Capítulo 7 · 11 min de leitura
Tradução por IA — aguardando revisão nativa
Seção IV
Comunhão Novamente Rompida—Restauração
Cânticos 5:2-6:10.
A quarta seção começa com um discurso da esposa às filhas de Jerusalém, no qual ela narra sua recente e triste experiência, e implora a ajuda delas em sua aflição. A presença e o consolo do seu Esposo lhe são novamente perdidos; não desta vez por recaída na mundanidade, mas por indolente autoindulgência.
Não nos são contados os passos que a levaram à sua queda; nem como o eu novamente encontrou lugar em seu coração. Talvez o orgulho espiritual nas realizações que a graça a capacitou a cumprir tenha sido a causa; ou, não improvavelmente, uma satisfação acalentada na bênção que havia recebido, em vez de no próprio Abençoador, pode tê-la levado à separação. Ela parece ter estado em grande parte inconsciente do seu declínio; ocupada consigo mesma e satisfeita consigo mesma, mal notou a ausência dele; ela repousava, repousava sozinha,—nunca perguntando aonde ele tinha ido, ou em que estava ocupado. E mais do que isso, a porta do seu aposento não estava apenas fechada, mas trancada; uma evidência de que o seu retorno não era nem ardentemente desejado nem esperado.

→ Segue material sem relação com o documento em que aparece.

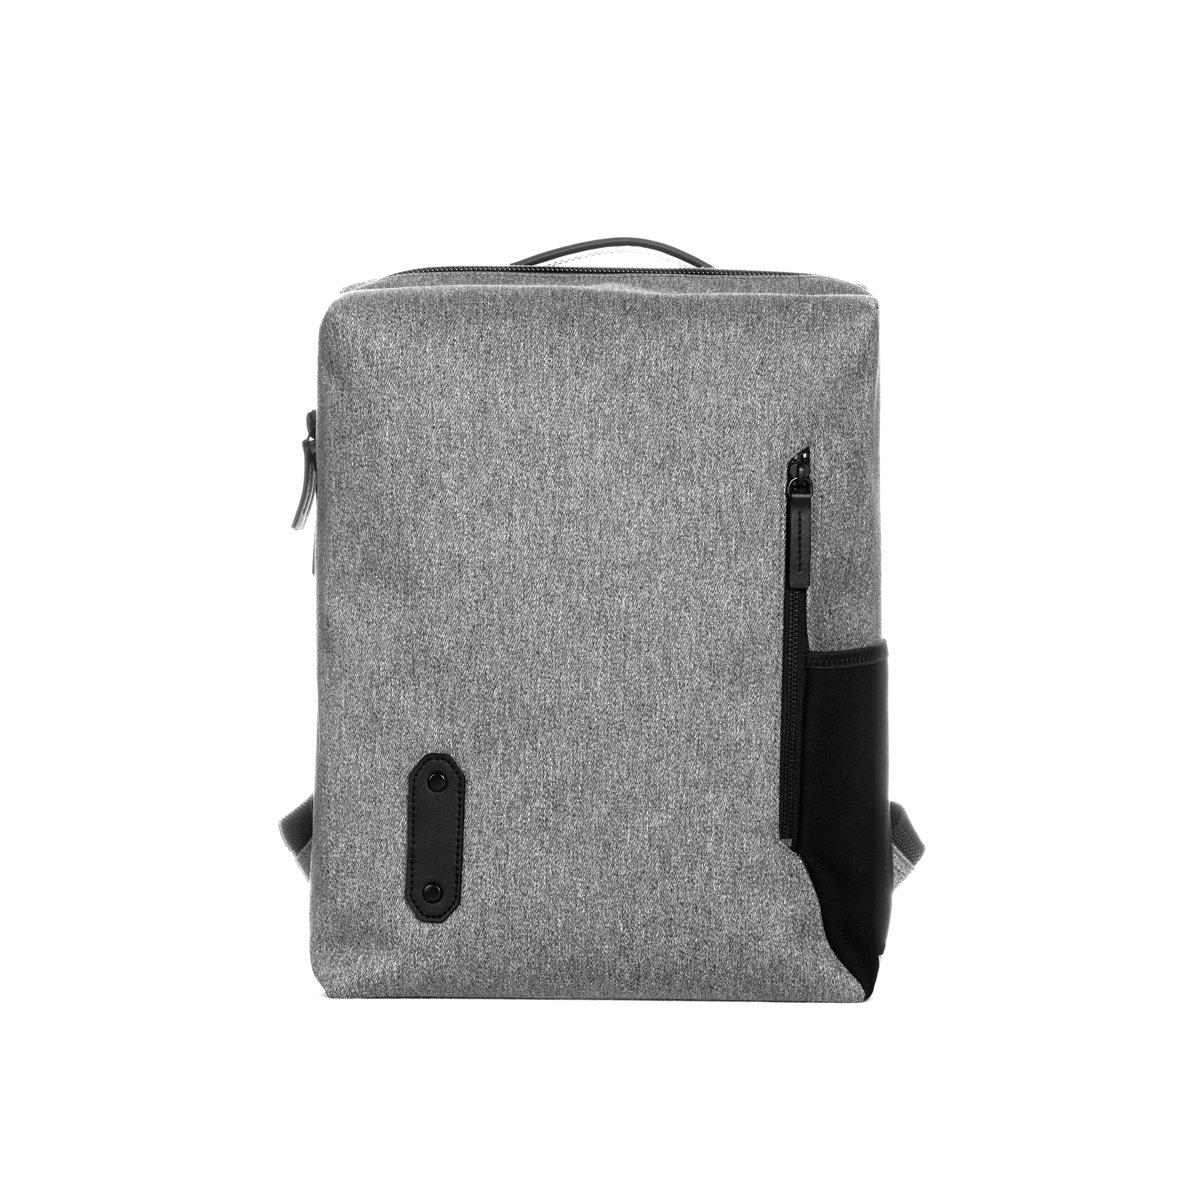 VENQUE (ヴェンク) バックパック リュックサック THE BOX - GREY 国内正規取扱店 1年間製品保証付き   B07F3TJ9LF

Contudo, o seu coração não estava longe dele; havia uma música na sua voz que despertava na sua alma ecos que nenhuma outra voz poderia ter movido. Ela ainda era “um jardim fechado, uma fonte selada,” no que dizia respeito ao mundo. O laço desta vez era o mais perigoso e insidioso porque era totalmente insuspeitado. Olhemos para a sua narrativa:—
Eu dormia, mas o meu coração velava:
É a voz do meu Amado que bate, dizendo:
Abre-me, minha irmã, minha amada, minha pomba, minha imaculada:
Porque a minha cabeça está cheia de orvalho,
Os meus cabelos, das gotas da noite.
Quão frequentemente a posição do Esposo é a de um Pretendente que bate do lado de fora, como em sua epístola à Igreja de Laodiceia: “Eis que estou à porta e bato: se alguém ouvir a minha voz e abrir a porta, entrarei até ele, e com ele cearei, e ele comigo.” É triste que ele esteja fora de uma porta fechada—que precise bater; mas ainda mais triste que ele bata, e bata em vão, à porta de algum coração que se tornou seu. Neste caso, não é a posição da esposa que está errada; se fosse, a sua palavra, como antes, seria: “Levanta-te, e vem”; ao passo que agora a sua palavra é: “Abre-me, minha irmã, minha amada.” Foi a sua condição de autossatisfação e amor ao comodismo que fechou a porta.
Muito tocantes são as suas palavras: “Abre-me, minha irmã” (ele é o primogênito entre muitos irmãos), “minha amada” (o objeto da devoção do meu coração), “minha pomba” (uma que foi dotada de muitos dos dons e graças do ESPÍRITO SANTO), “minha imaculada” (lavada, renovada e purificada para mim); e ele a insta a abrir referindo-se à sua própria condição:—
A minha cabeça está cheia de orvalho,
Os meus cabelos, das gotas da noite.
Por que é que a sua cabeça está cheia de orvalho? Porque o seu coração é um coração de pastor. Há aqueles que o PAI lhe deu que estão vagando pelos montes escuros do pecado: muitos, oh, quão muitos, nunca ouviram a voz do PASTOR; muitos, também, que outrora estavam no aprisco, se desgarraram—para longe, longe do seu abrigo seguro. O coração que jamais pode esquecer, o amor que jamais pode falhar, deve buscar a ovelha desgarrada até que a perdida seja achada: “Meu PAI trabalha até agora, e eu trabalho.” E irá ela, que tão recentemente estava ao seu lado, que alegremente enfrentou os covis dos leões e os montes dos leopardos, irá ela deixá-lo buscar sozinho o desgarrado e o perdido?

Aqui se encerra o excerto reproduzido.